Es una oración profundamente teológica que se inicia con un acto de adoración a la Santísima Trinidad y recuerda con ello el primer misterio del Cristianismo: un solo Dios en tres Personas divinas. El acto más perfecto que puede realizar un católico es la adoración, porque por él reconoce que él es nada y Dios lo es todo; que dependemos totalmente de Él, a quien se lo debemos todo. La oración del ángel nos invita a asociarnos al sacerdote, el cual, renovando el Sacrificio en el altar ofrece algo preciosísimo como es el Cuerpo, Sangre, Alma y Divinidad de Jesucristo, que no sólo está presente en el momento de la consagración eucarística, sino también en todos los sagrarios del mundo en los que se conserva la Hostia consagrada. No se puede menos que ver una actualísima invitación a la adoración eucarística ante los sagrarios hoy abandonados y gravemente ofendidos con ultrajes, sacrilegios e indiferencias.
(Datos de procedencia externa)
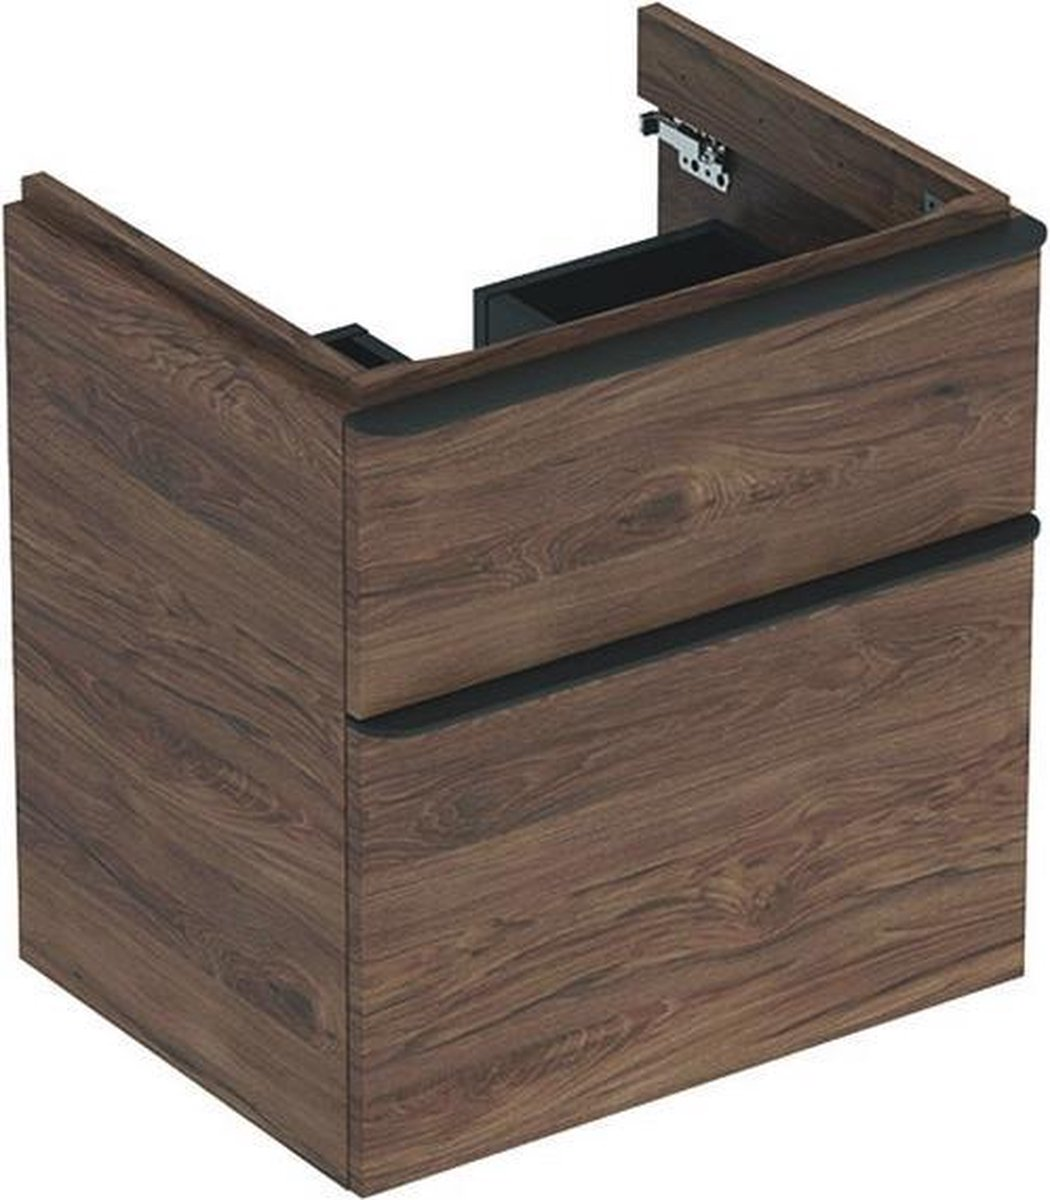 Geberit Smyle wastafelonderkast 2 laden 58,5x62 cm, noten hickory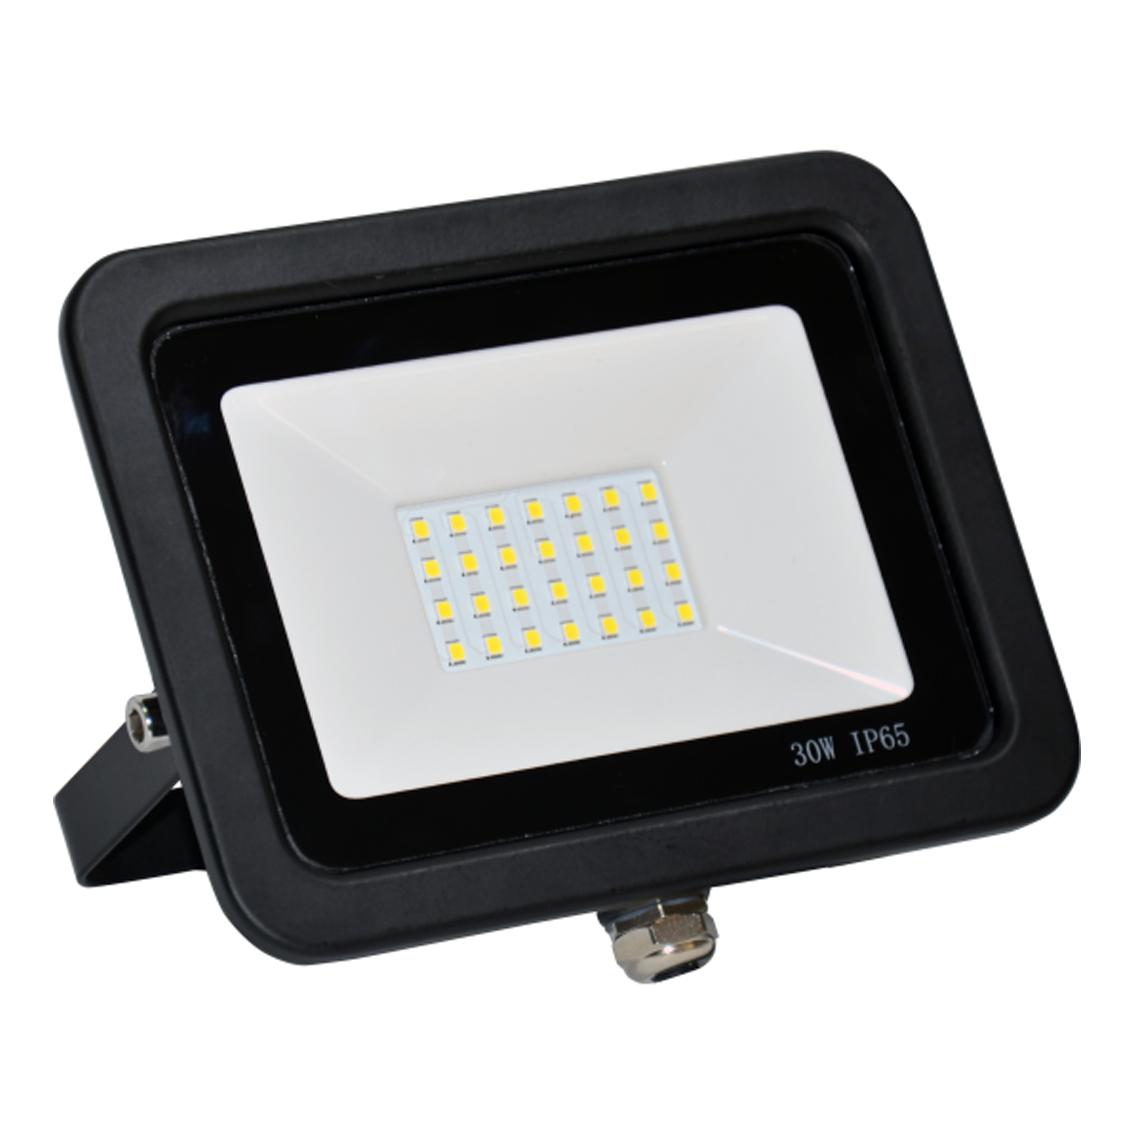 SMD LED reflektor 30W 3000K 2400lm Crni Mitea Elektro Vukojevic

Igual de profunda teológicamente es la distinción entre los méritos infinitos del Sacratísimo Corazón de Jesús y la intercesión del Corazón Inmaculado de María, que no obstante están inseparablemente unidos por un mismo fuego de amor. Por eso dice Pío XII en Haurietis aquas: «Y para que la devoción al Corazón augustísimo de Jesús produzca más copiosos frutos de bien en la familia cristiana y aun en toda la humanidad, procuren los fieles unir a ella estrechamente la devoción al Inmaculado Corazón de la Madre de Dios. Ha sido voluntad de Dios que, en la obra de la Redención humana, la Santísima Virgen María estuviese inseparablemente unida con Jesucristo […] Por eso, el pueblo cristiano que por medio de María ha recibido de Jesucristo la vida divina, después de haber dado al Sagrado Corazón de Jesús el debido culto, rinda también al amantísimo Corazón de su Madre celestial parecidos obsequios de piedad».
Por los méritos infinitos del Sacratísimo Corazón de Jesús y la intercesión del Corazón Inmaculado de María, imploremos la conversión de los pobres pecadores, que es la conversión de toda la humanidad, pero, por encima de todo, nuestra conversión.